TASK BRIEF:
The data below is to be transcribed word for word; pictures are to be excluded.

DATA SHOWN:
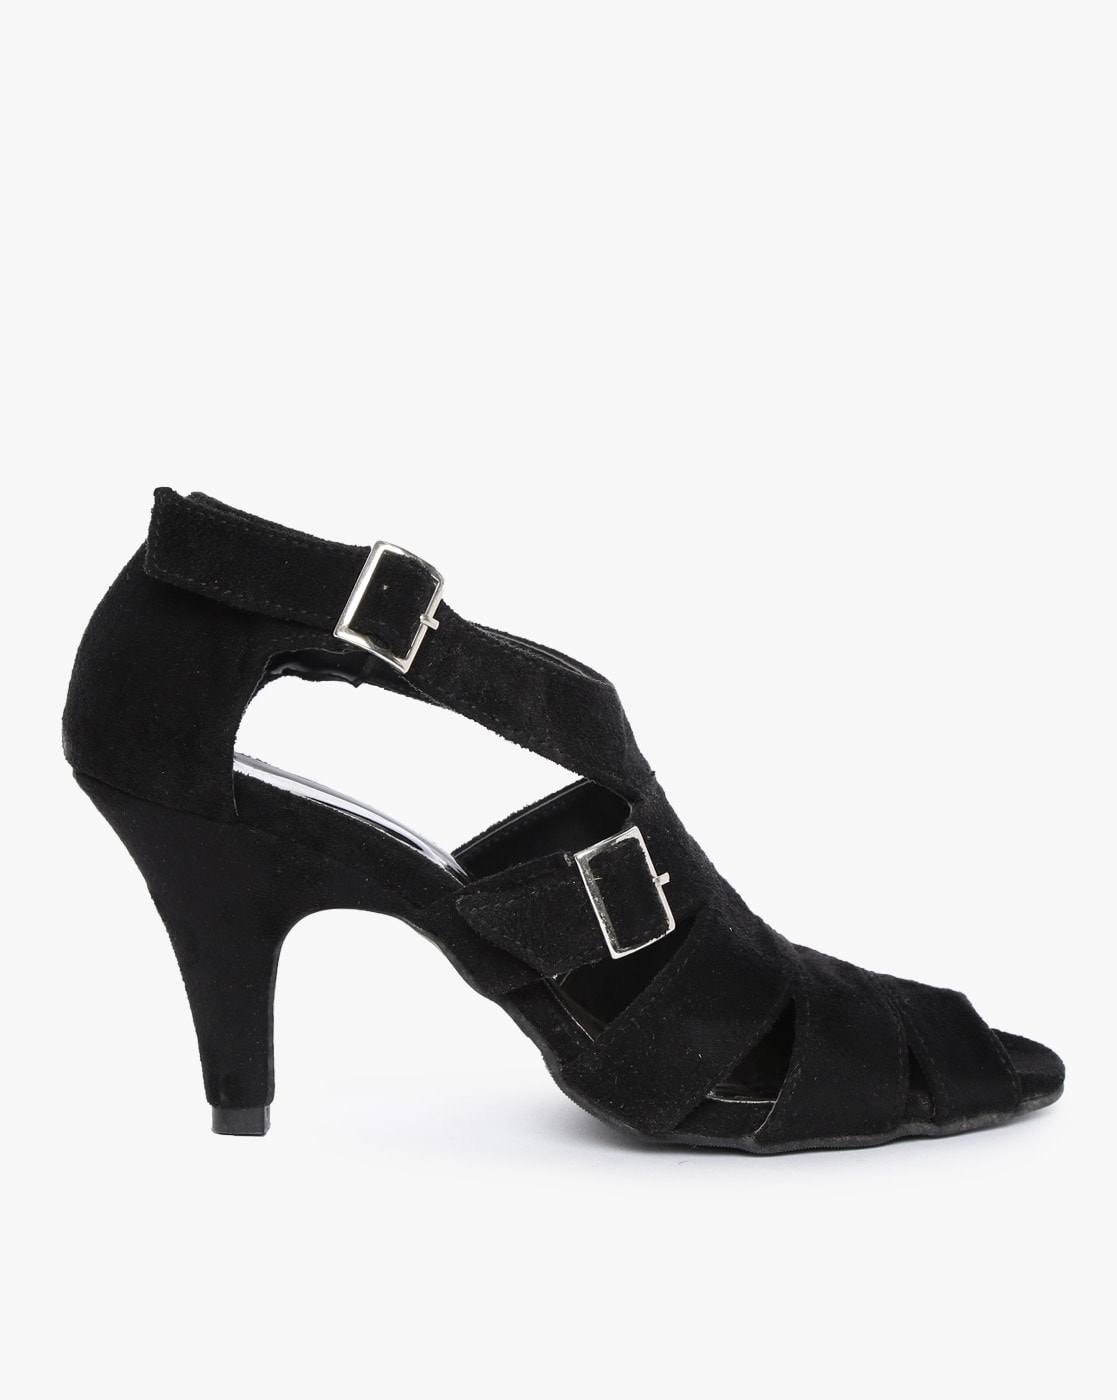 black strappy kitten heels
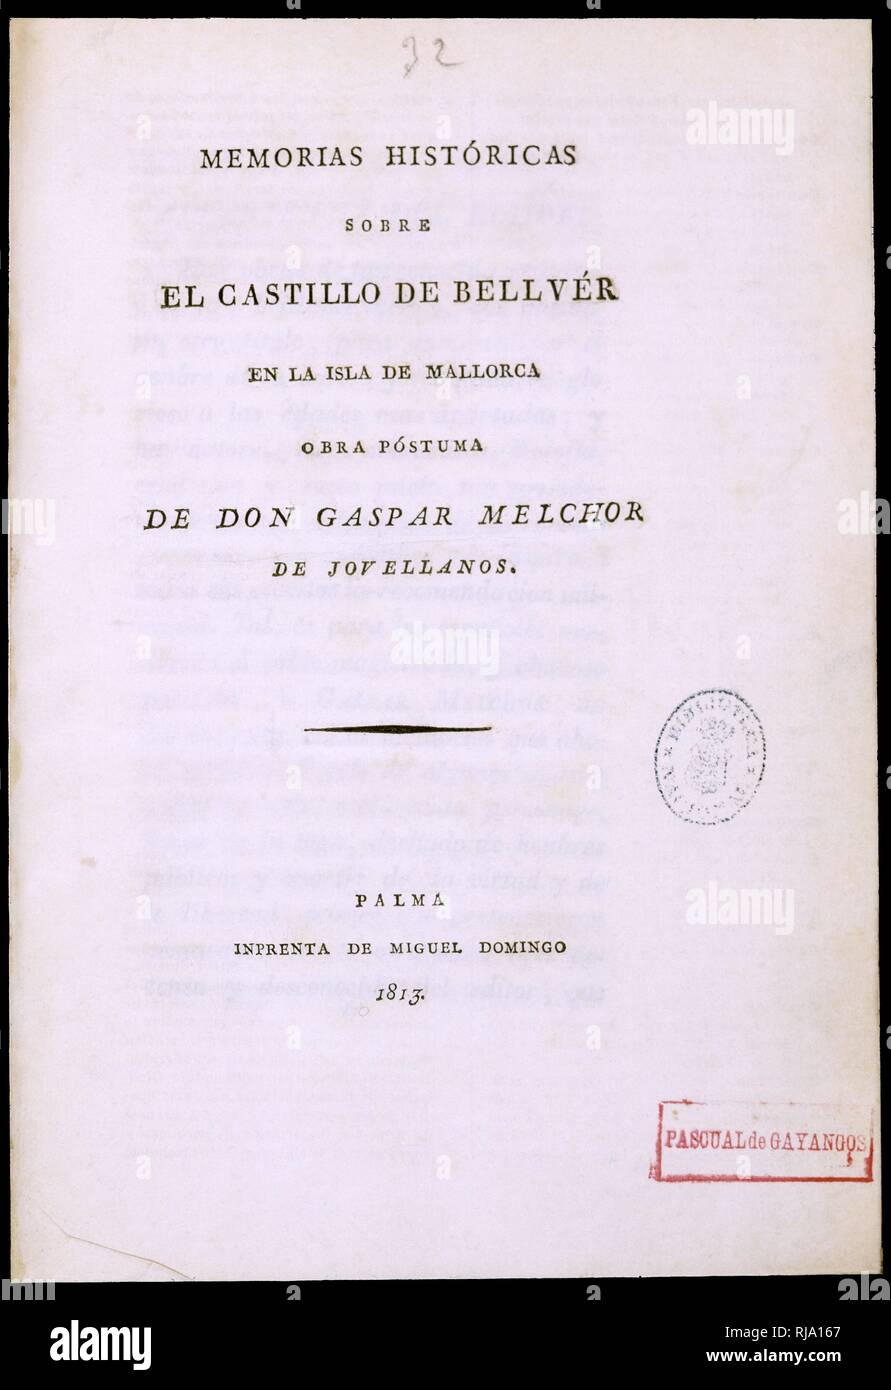 MEMORIAS HISTORICAS SOBRE EL CASTILLO DE BELLVER EN LA ISLA DE MALLORCA. Author: JOVELLANOS GASPAR. Location: BIBLIOTECA NACIONAL-COLECCION. MADRID. SPAIN. Stock Photo
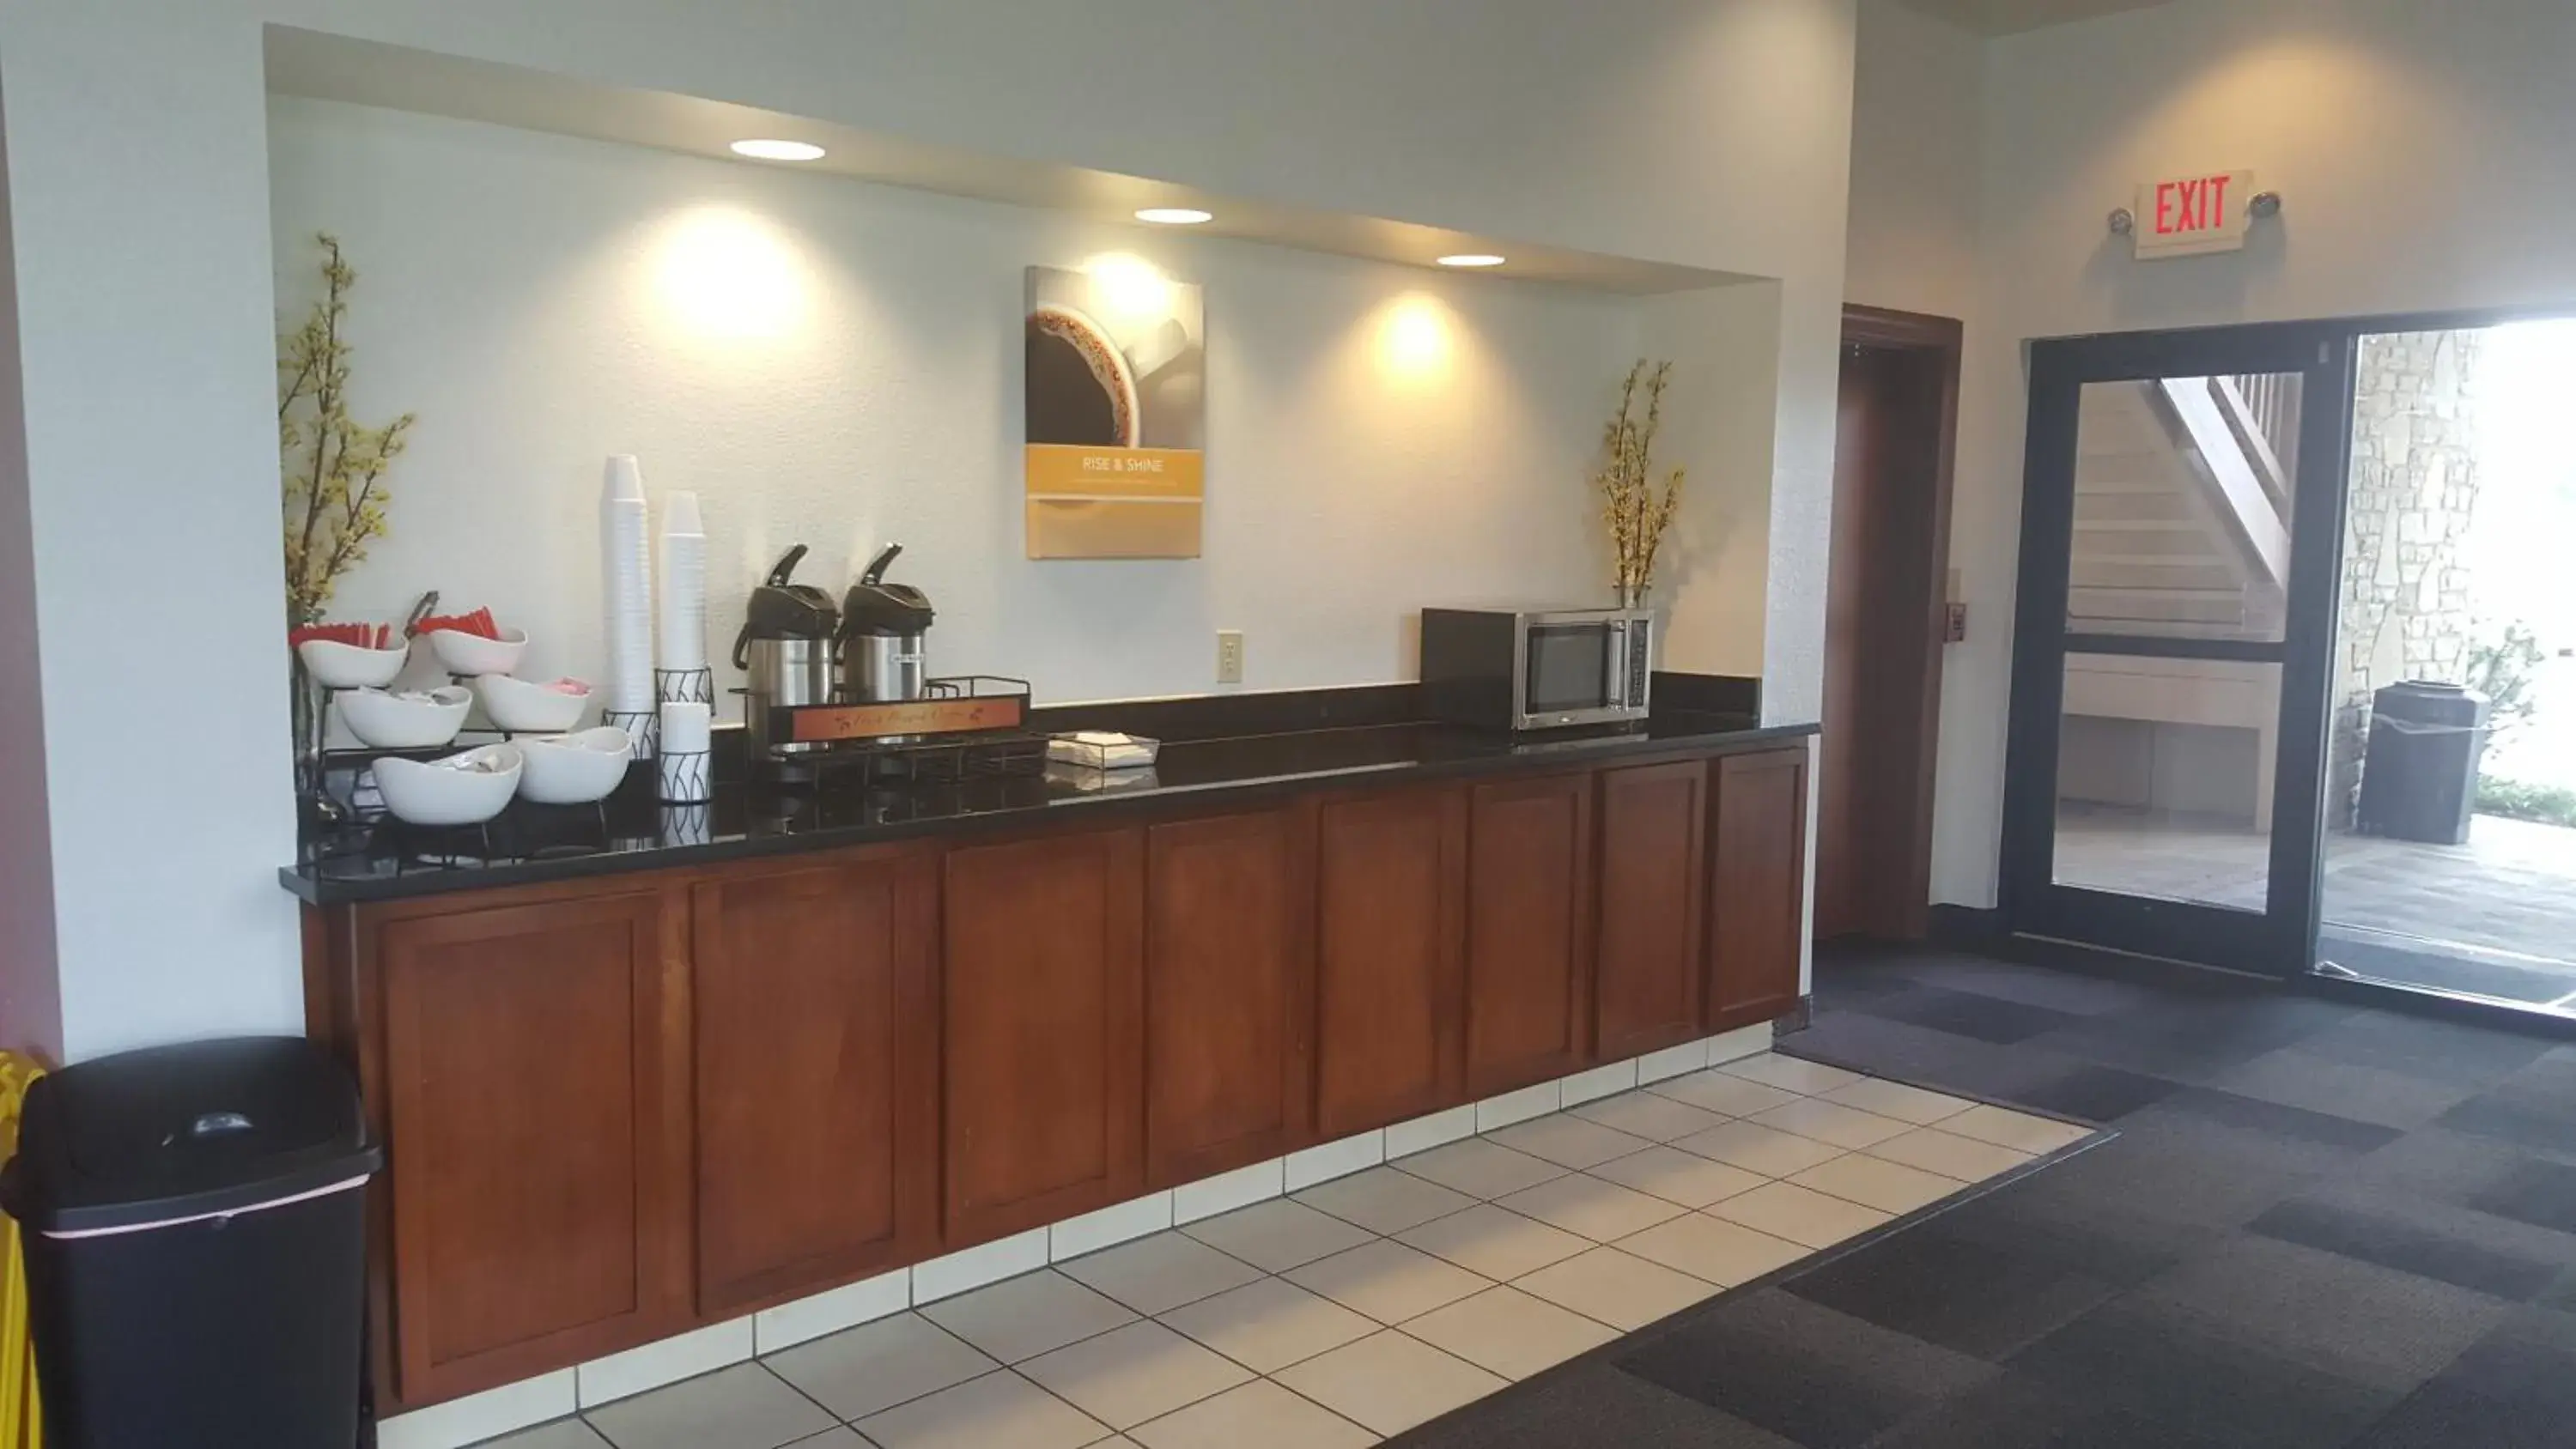 Lobby or reception, Lobby/Reception in Motel 6-Columbus, OH - OSU

EXERCISE SOLUTION:
 black strappy kitten heels
 MEMORIAS HISTORICAS SOBRE EL CASTILLO DE BELLVER EN LA ISLA DE MALLORCA. Author: JOVELLANOS GASPAR. Location: BIBLIOTECA NACIONAL-COLECCION. MADRID. SPAIN. Stock Photo
 Lobby or reception, Lobby/Reception in Motel 6-Columbus, OH - OSU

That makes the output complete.